Increasing linearly the capacity of the network - by eightfold in the case of Bitcoin Cash - does not solve anything for a network that needs to grow exponentially. It makes no sense to burden the distributed Bitcoin ledger with every single small transaction. It will never be able to record millions of transactions per week and remain light, efficient and decentralized. It only makes sense to record large transactions on the Blockchain, while the majority of small transactions can simply be processed off-chain.
Having a wallet on the LN that you will periodically reload with some Bitcoin will enable you to send payments to LN wallets through bilateral payment channels opened between users. You will send signed transactions to other parties, but these transactions will be kept in MultiSig wallets on the LN and will not be broadcast to the Bitcoin network. At any point in time, any party will have the ability to close a payment channel and settle hundreds or thousands of transactions that happened on the LN with just one transaction on the Bitcoin Blockchain (all transactions are netted out at this point). This is the proper way of scaling up, because with such a solution the capacity of the network increases exponentially, not linearly.
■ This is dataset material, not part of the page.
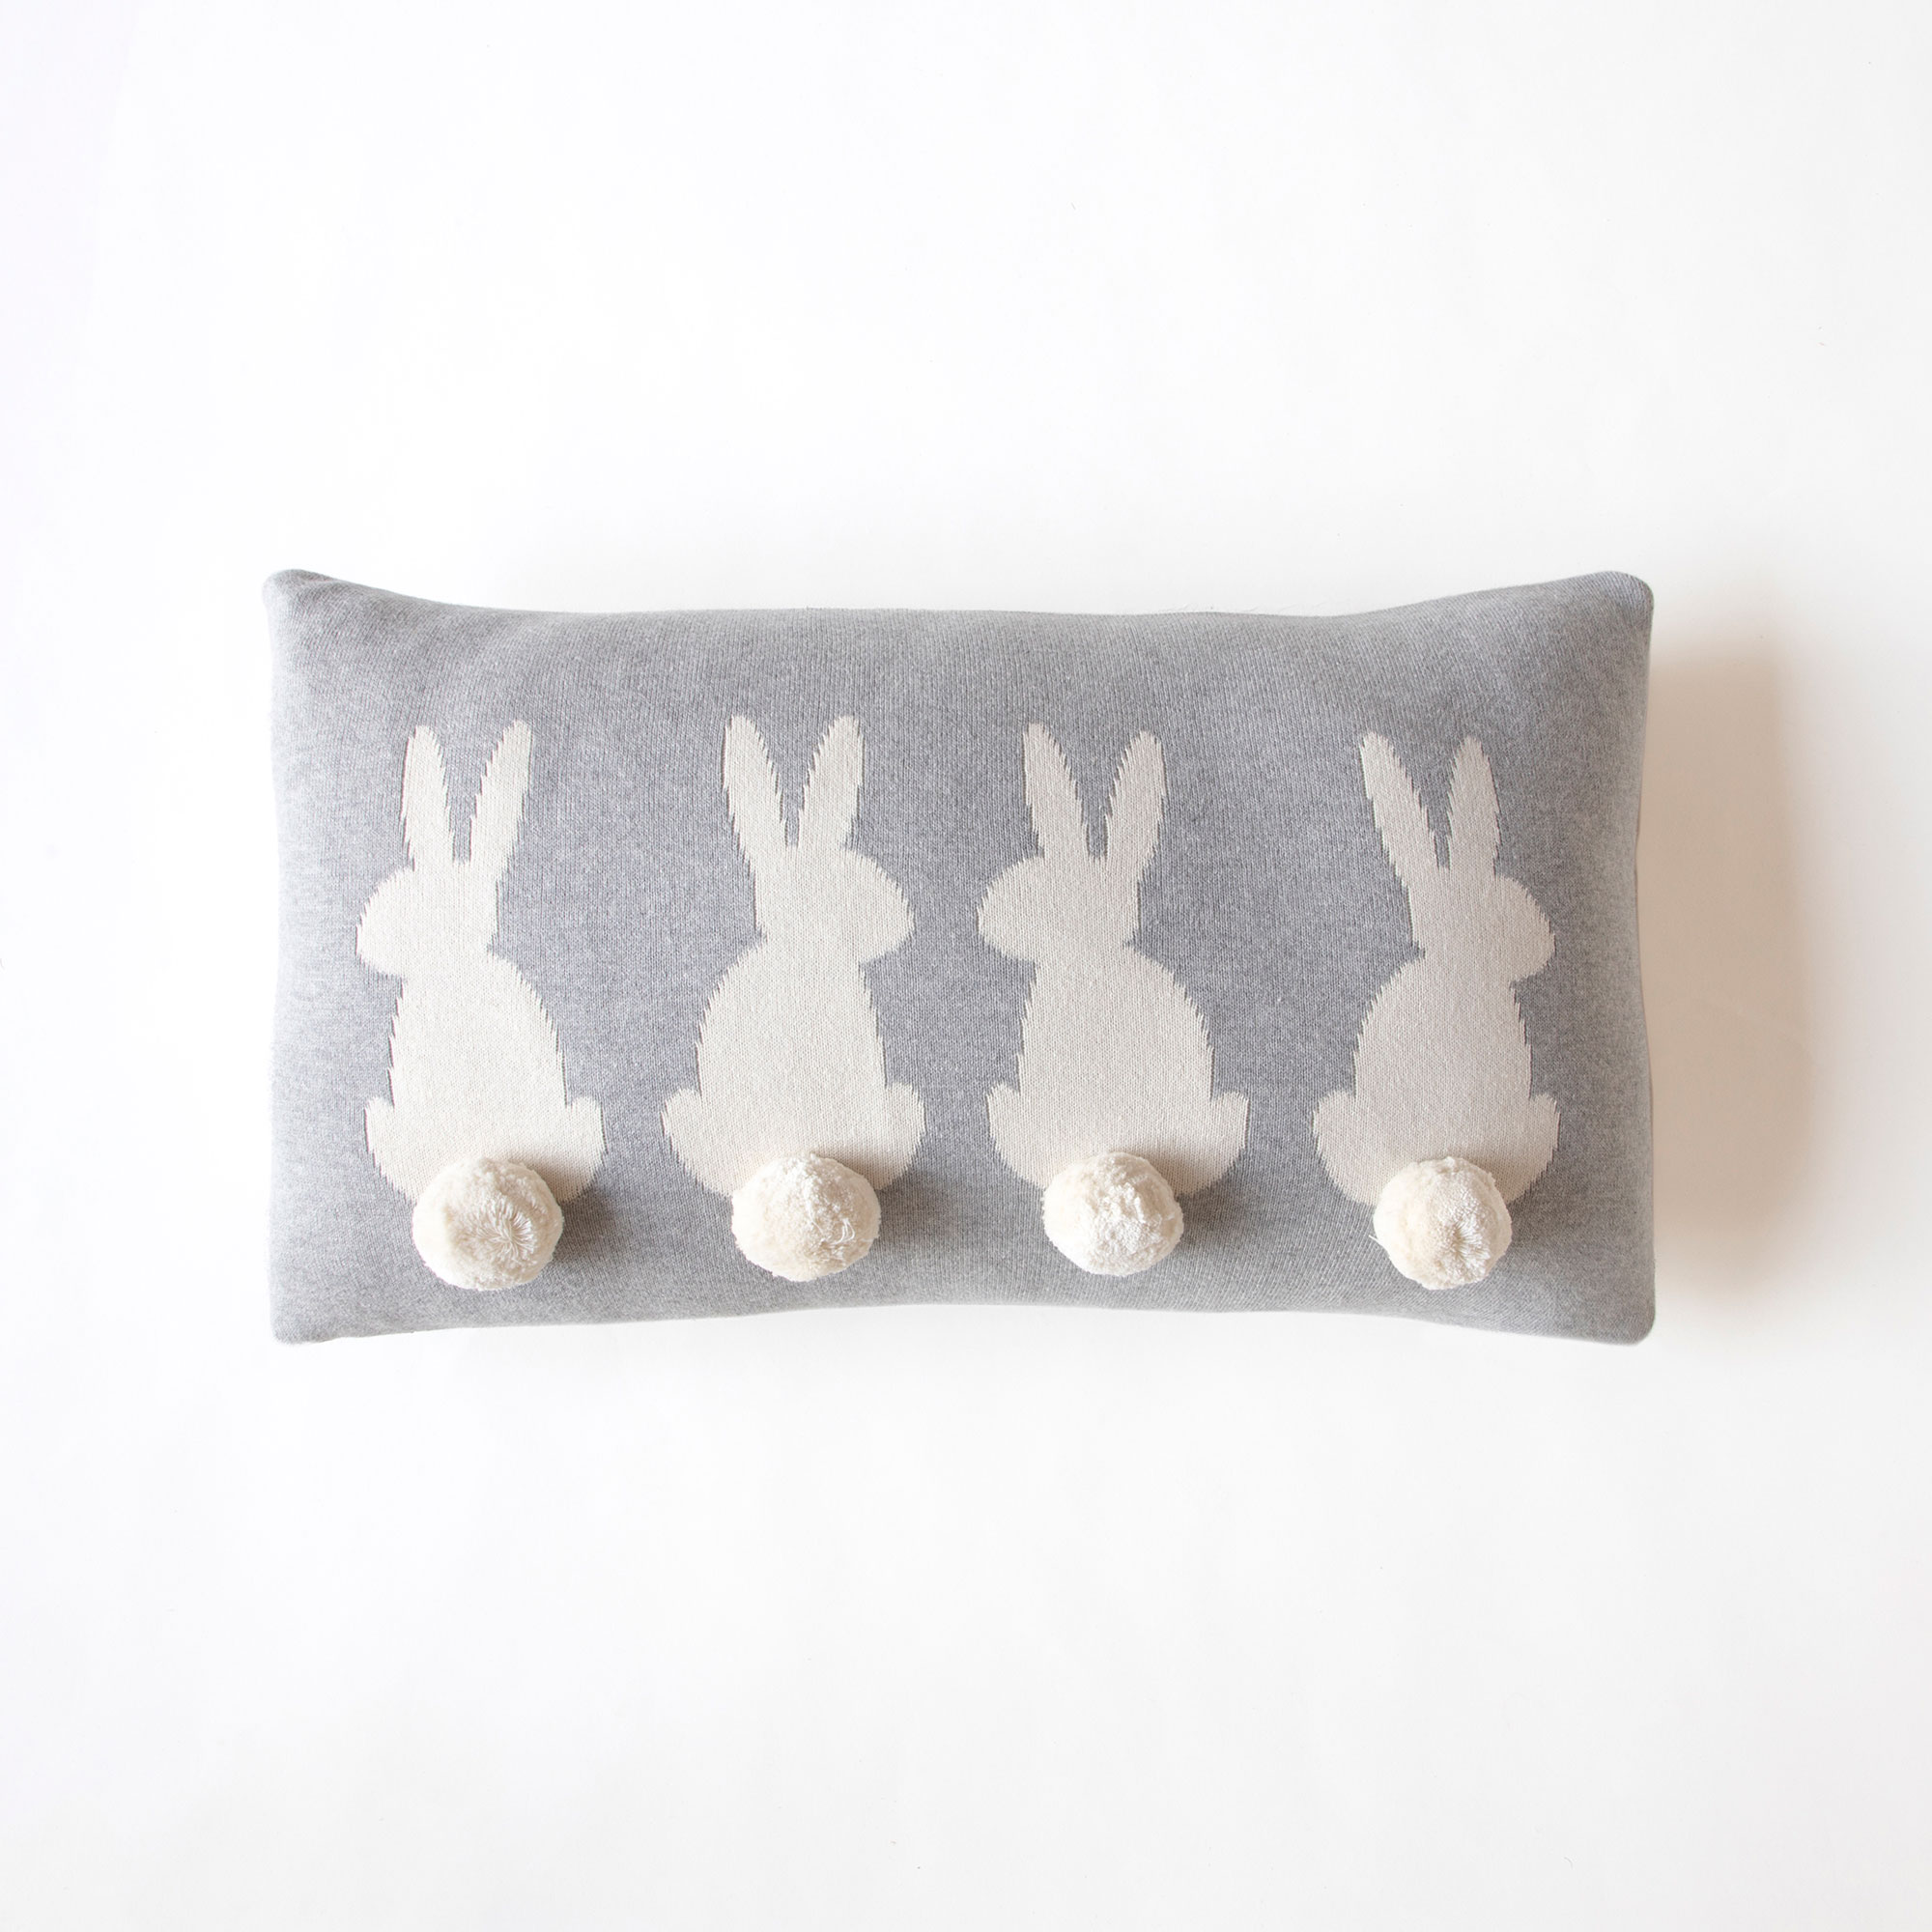 COTTONTAIL CUSHION COVER
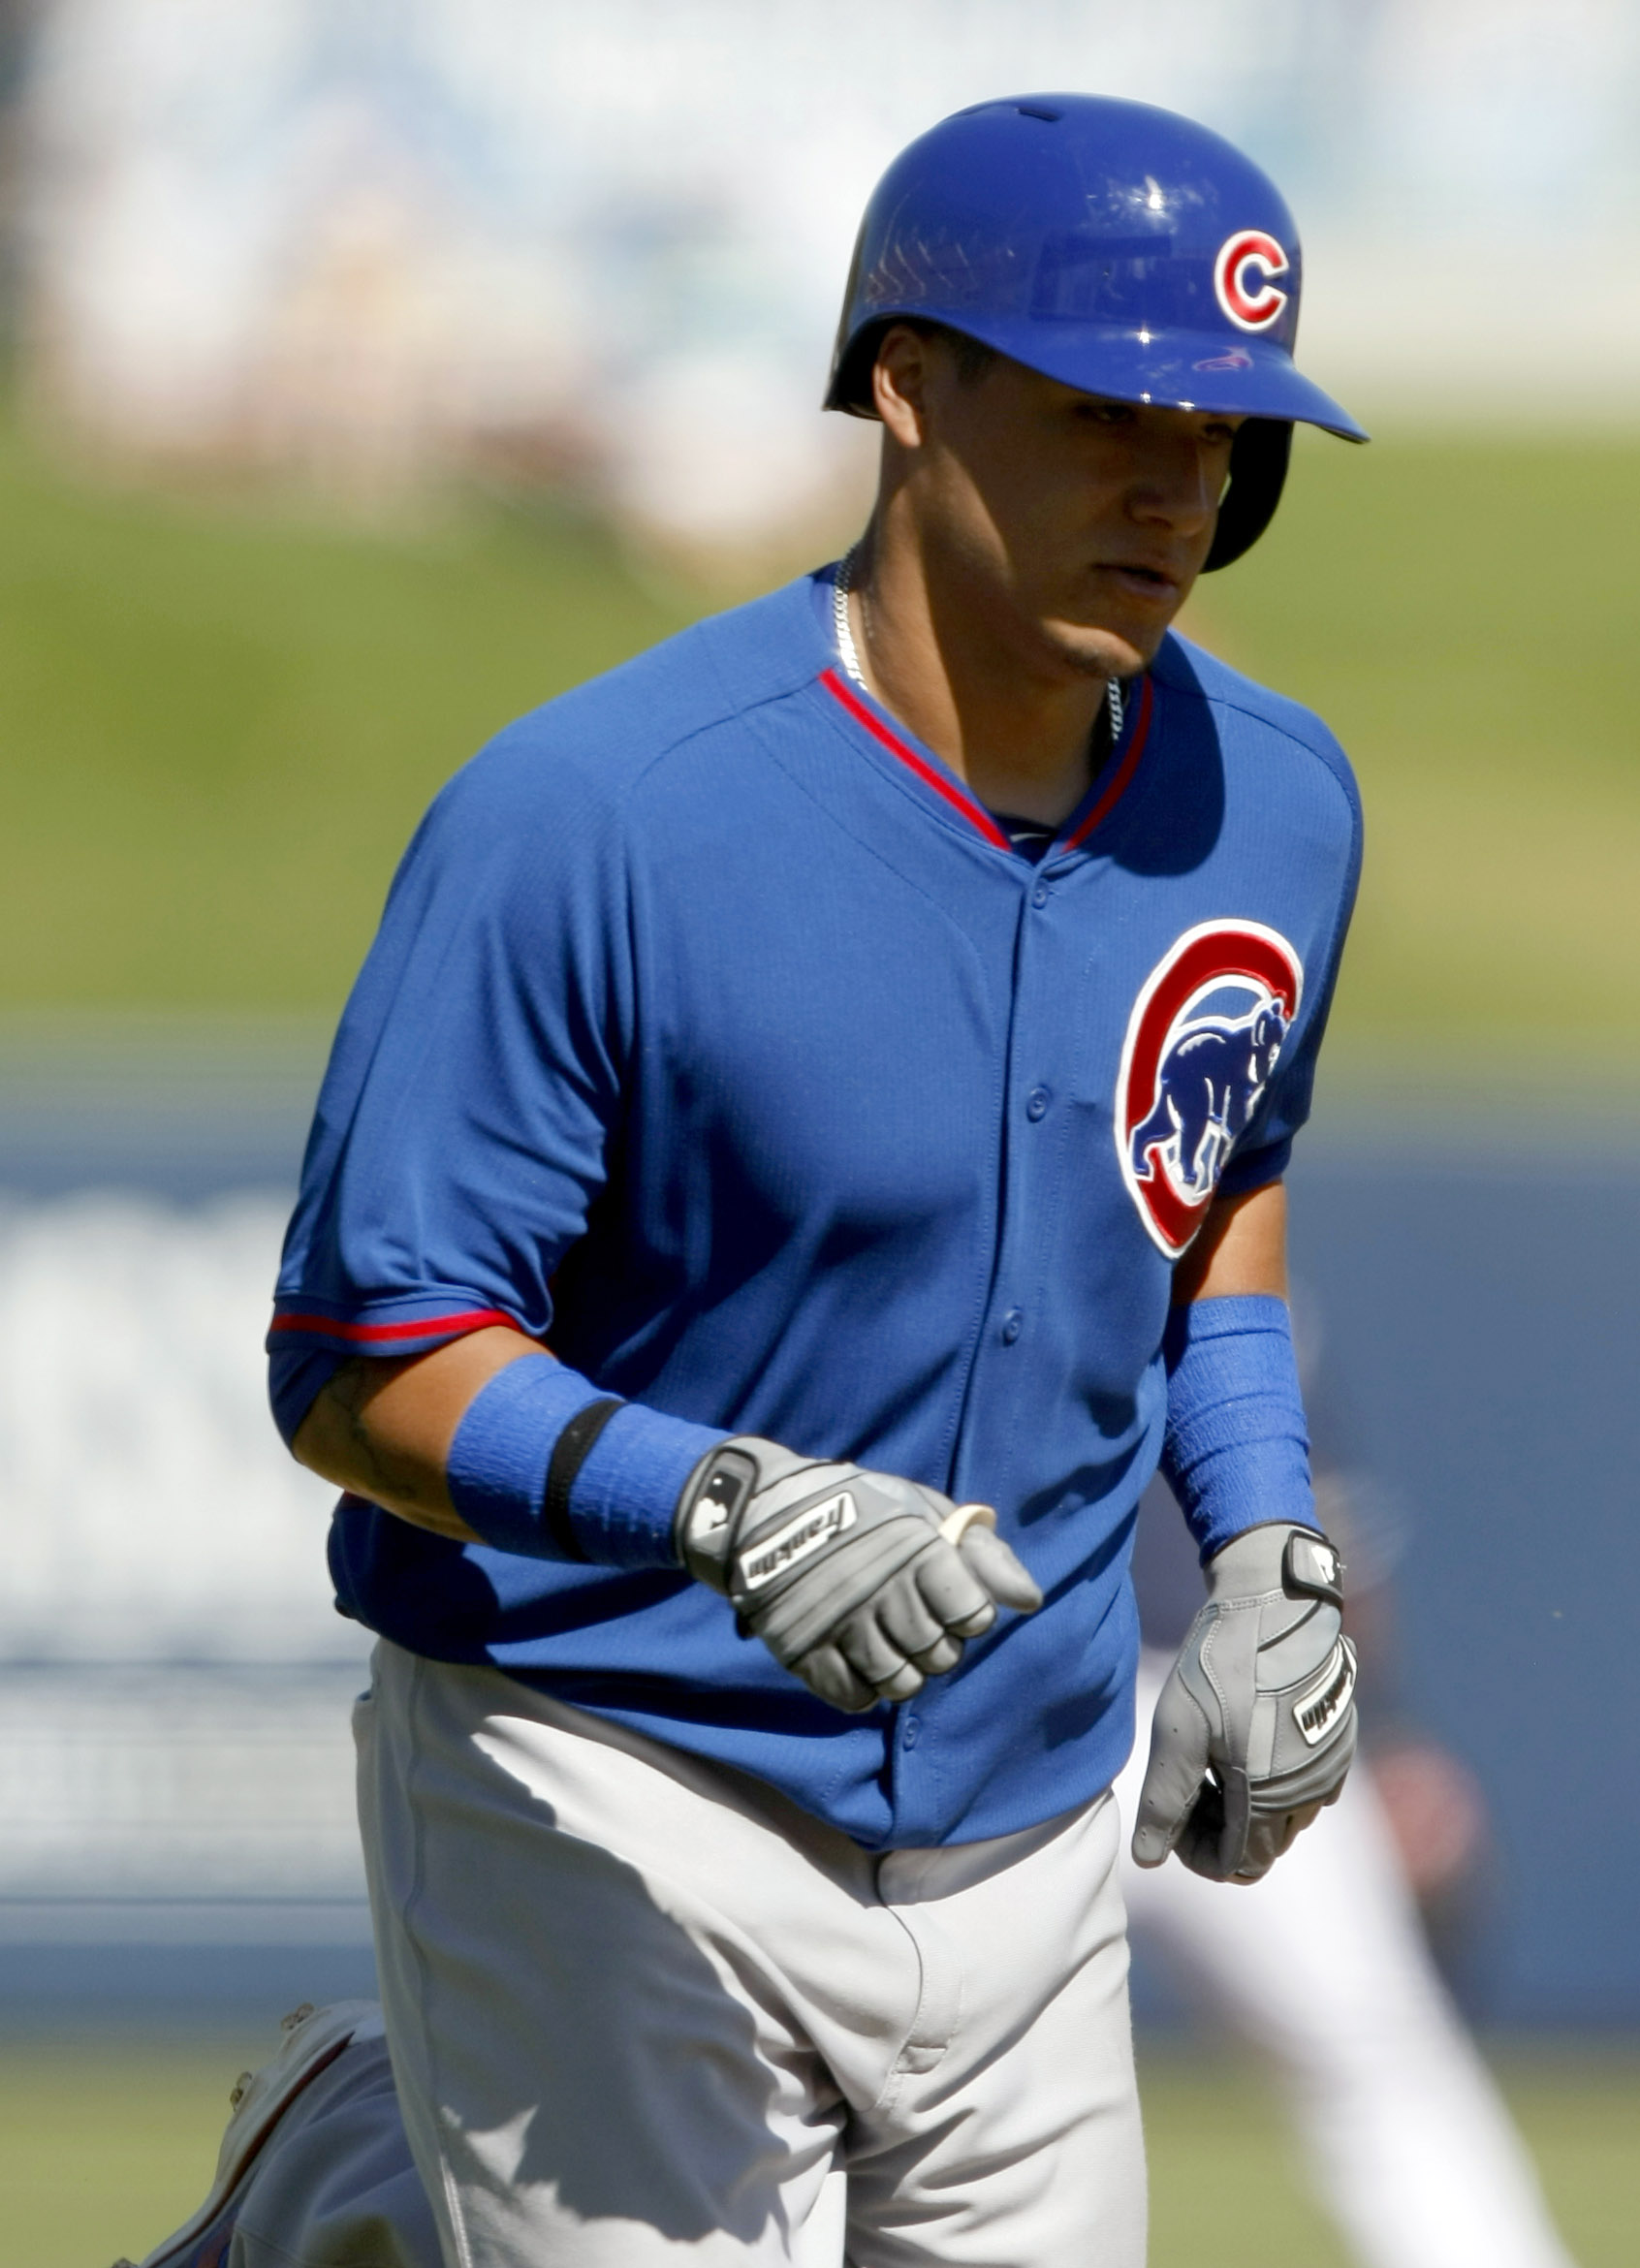 Javier Baez has dream debut with Mets following trade from Cubs

Transactions on the LN will be confirmed instantly and fees should be close to nonexistent. With the rollout of this technology it will become harder and harder to justify charging 5+ percent credit card transaction fees to merchants when the alternative with the leading cryptocurrency will cost them close to nothing to process. There is one major problem that this solution does not solve though, people may not want to spend their Bitcoins but rather hodl them, but this is a topic for another article.
The views and interpretations in this article are those of the author and do not necessarily represent the views of Cointelegraph.com and the World Bank.